__Task prompt__
Set down the data below in full, exactly as it reads, but without the pictures.

__Data extract__
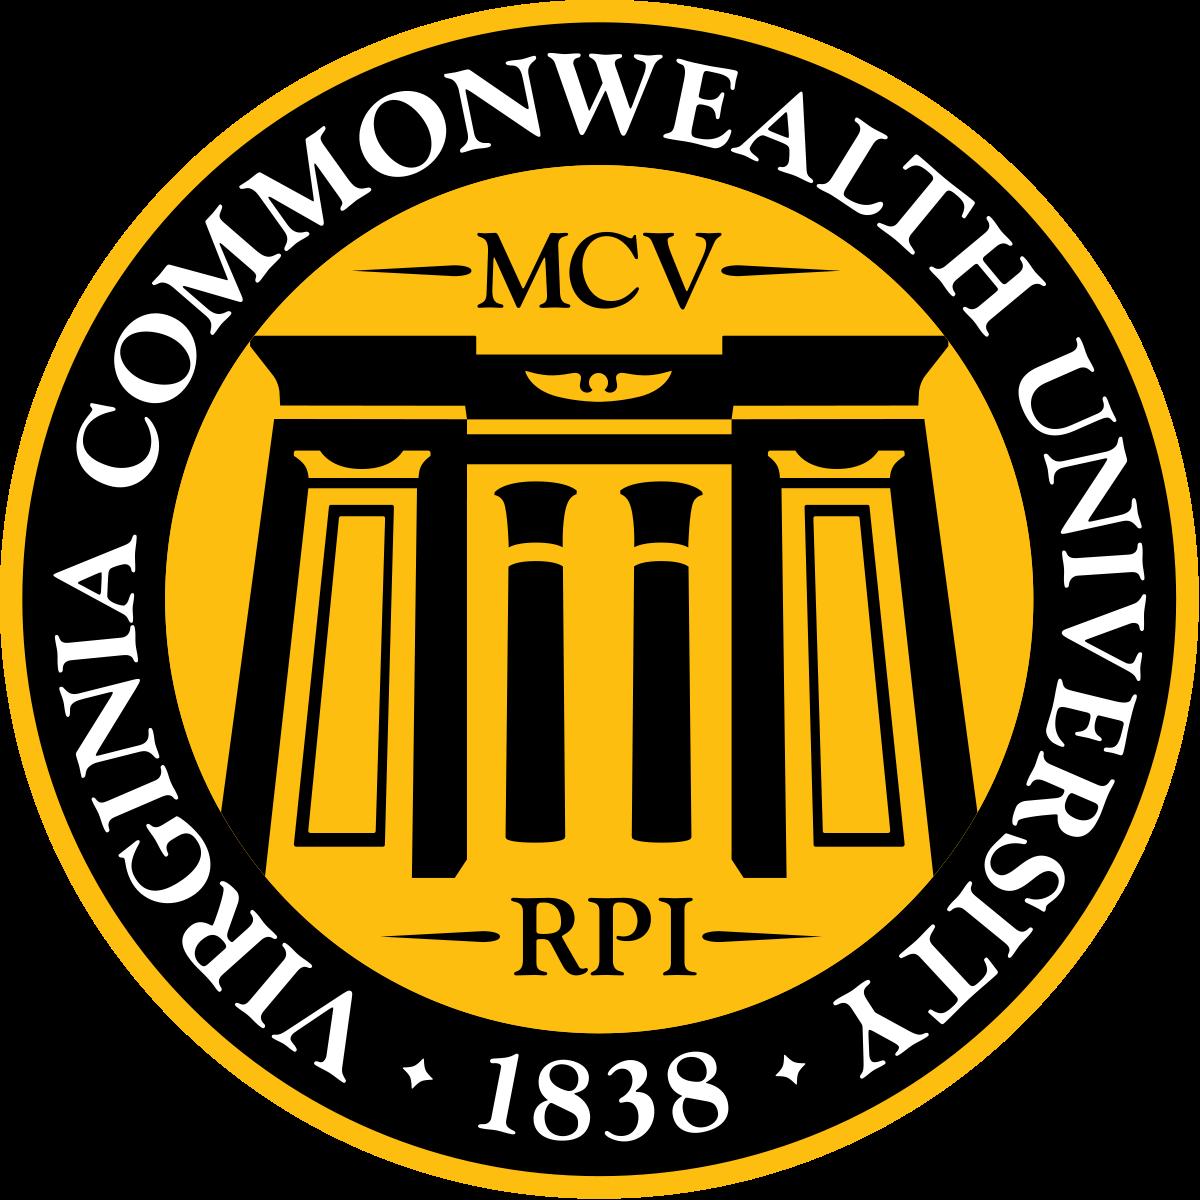 Virginia Commonwealth University - Top 30 Best Graphic Design Degree Programs 2020
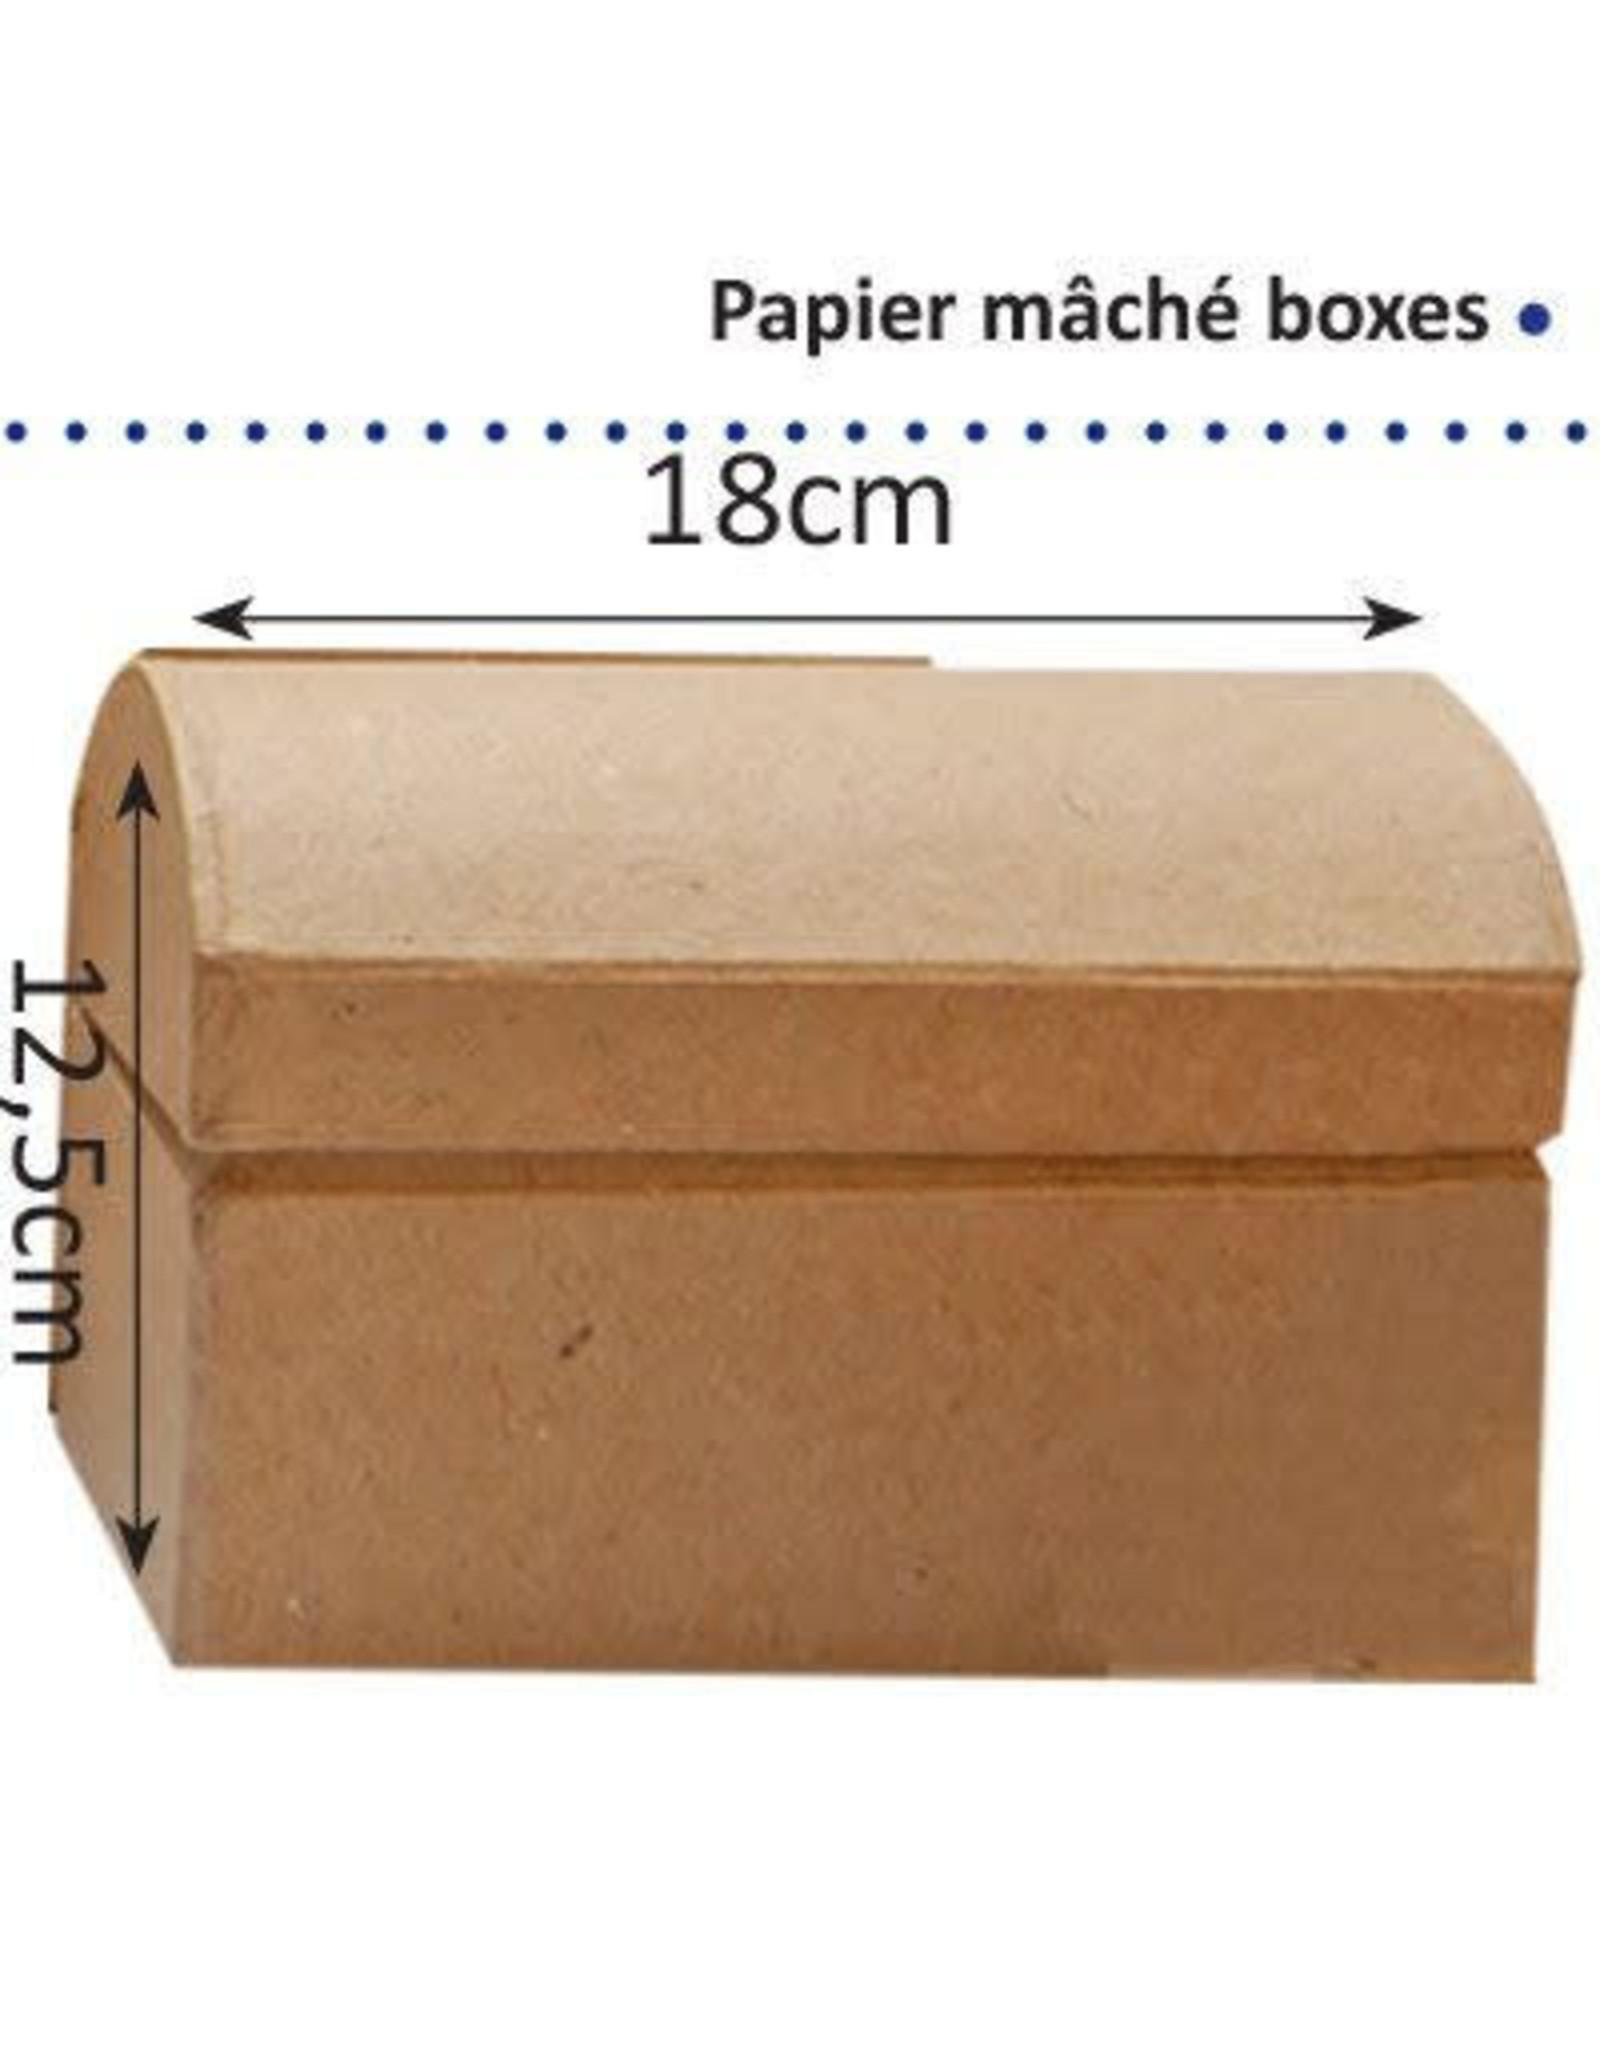 Vaessen Creative Papier maché schatkist 18cm
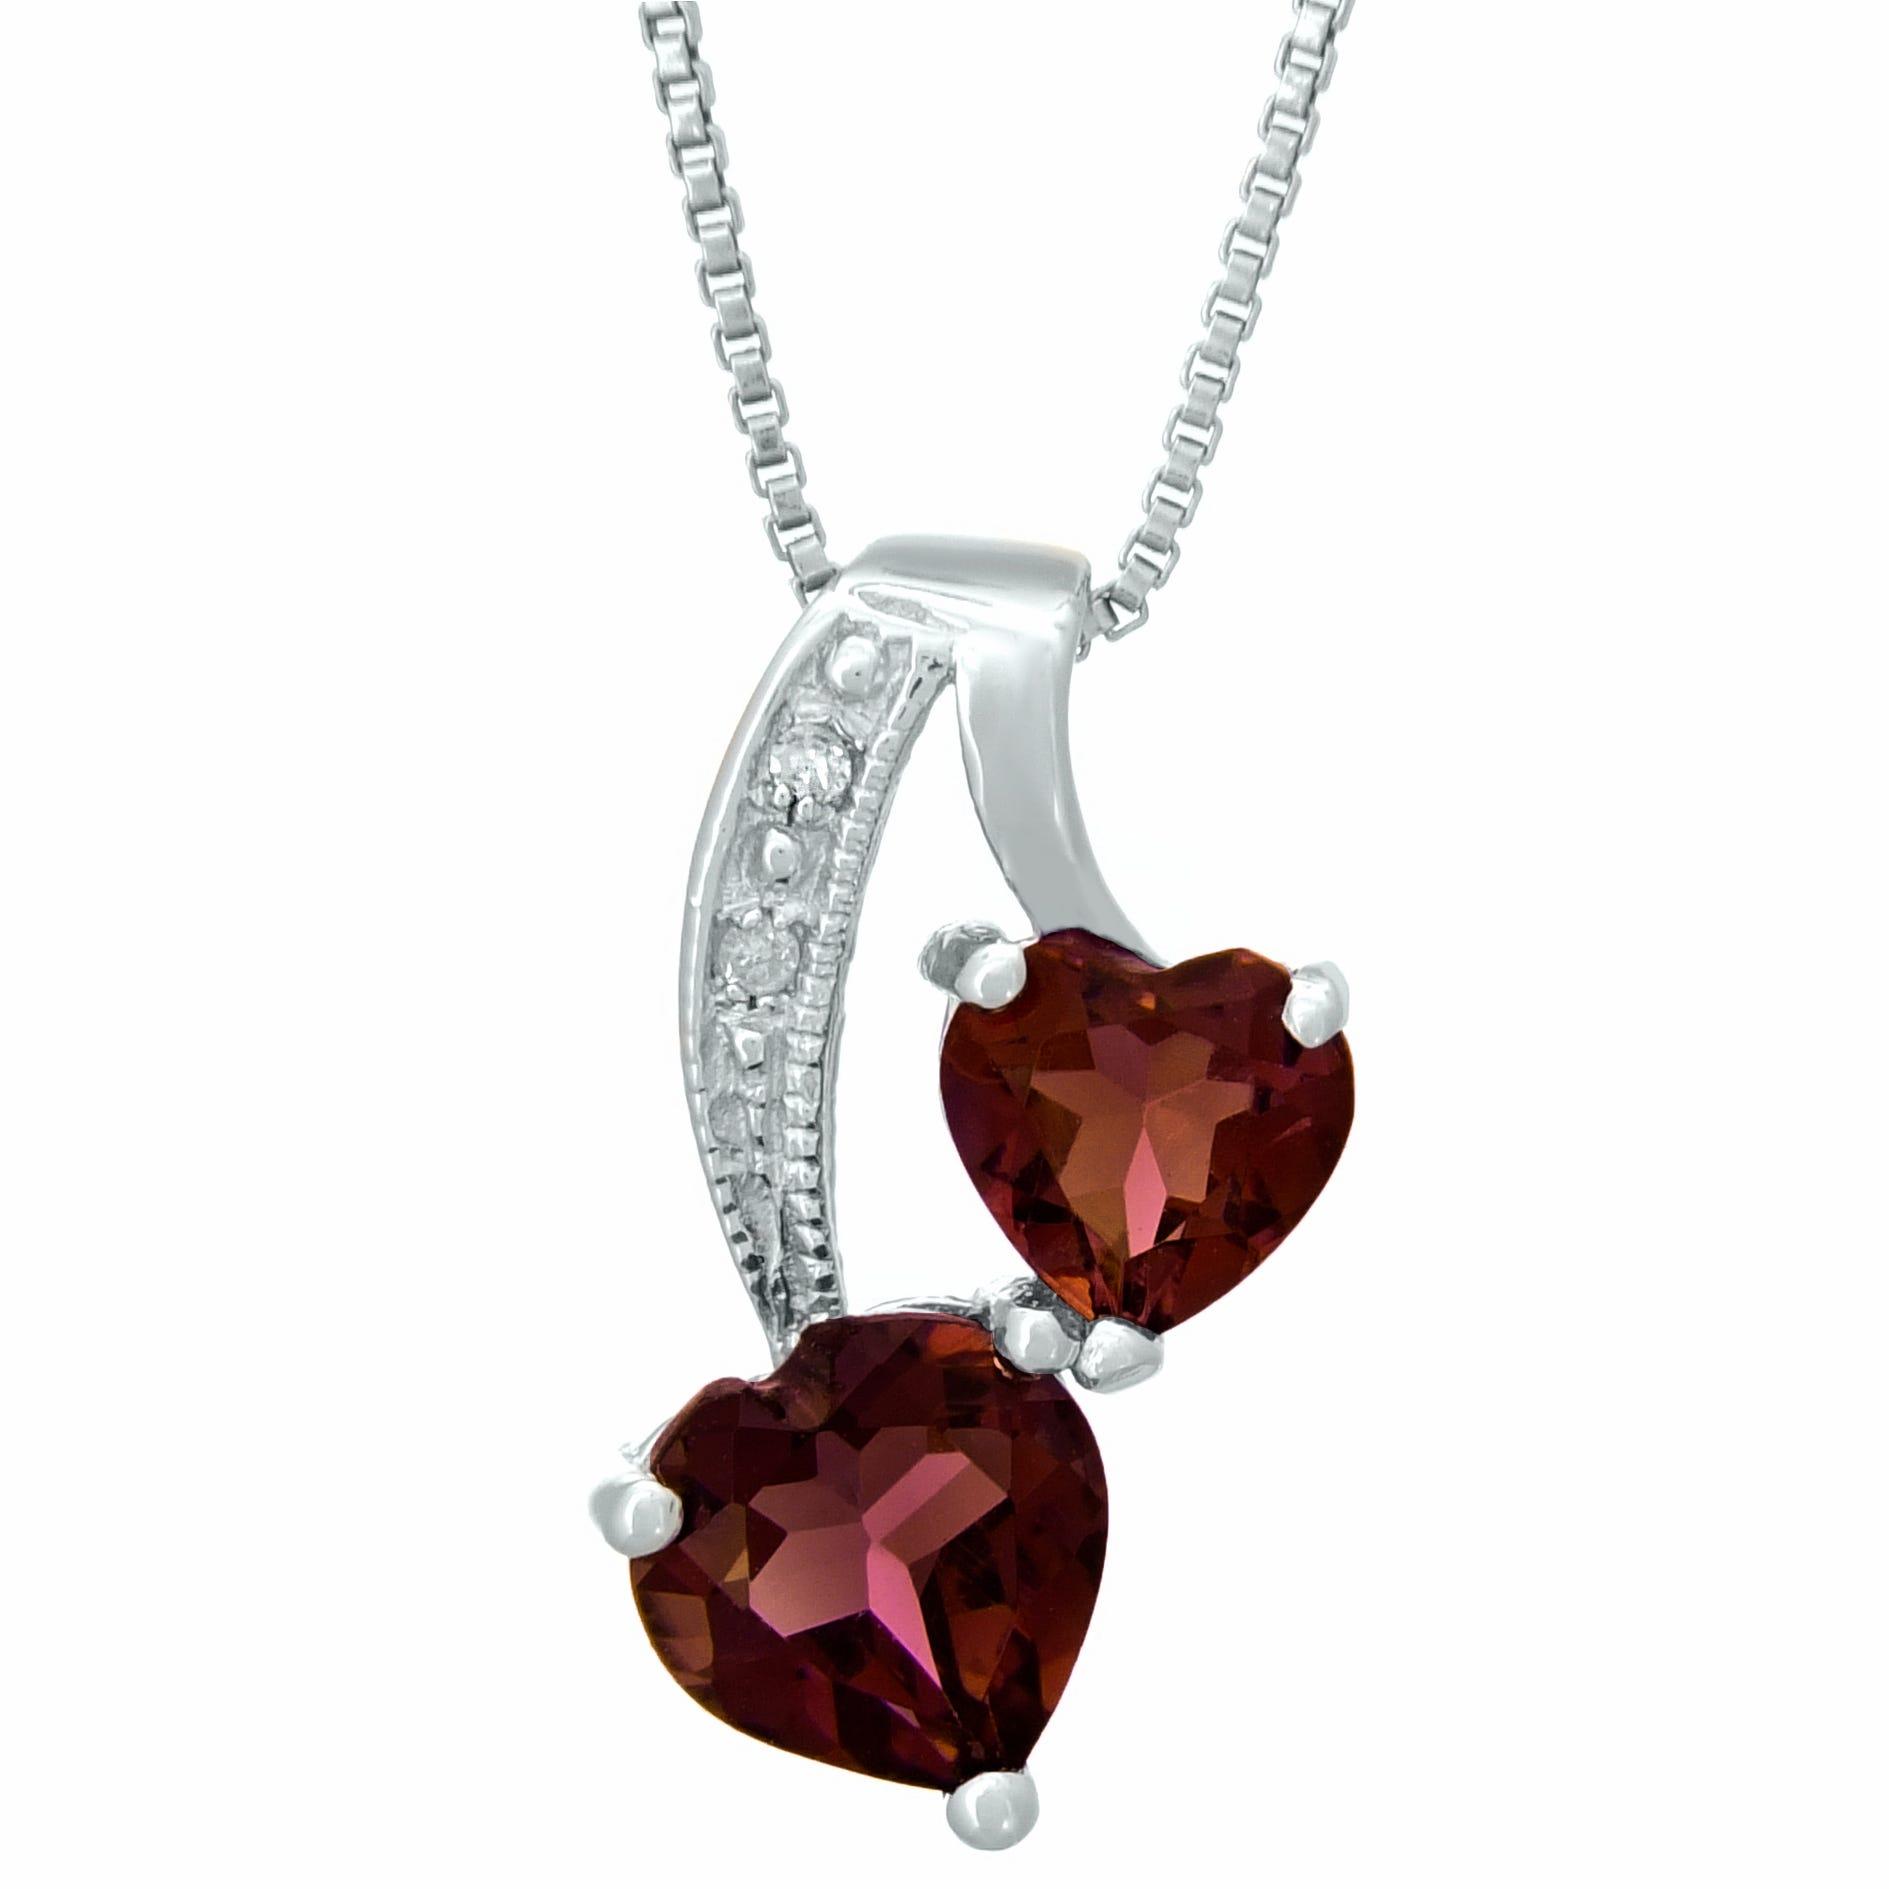 Heart Genuine Garnet Diamond Sterling Silver Pendant 18

__Solution for this exercise__
 Virginia Commonwealth University - Top 30 Best Graphic Design Degree Programs 2020
 Vaessen Creative Papier maché schatkist 18cm
 Heart Genuine Garnet Diamond Sterling Silver Pendant 18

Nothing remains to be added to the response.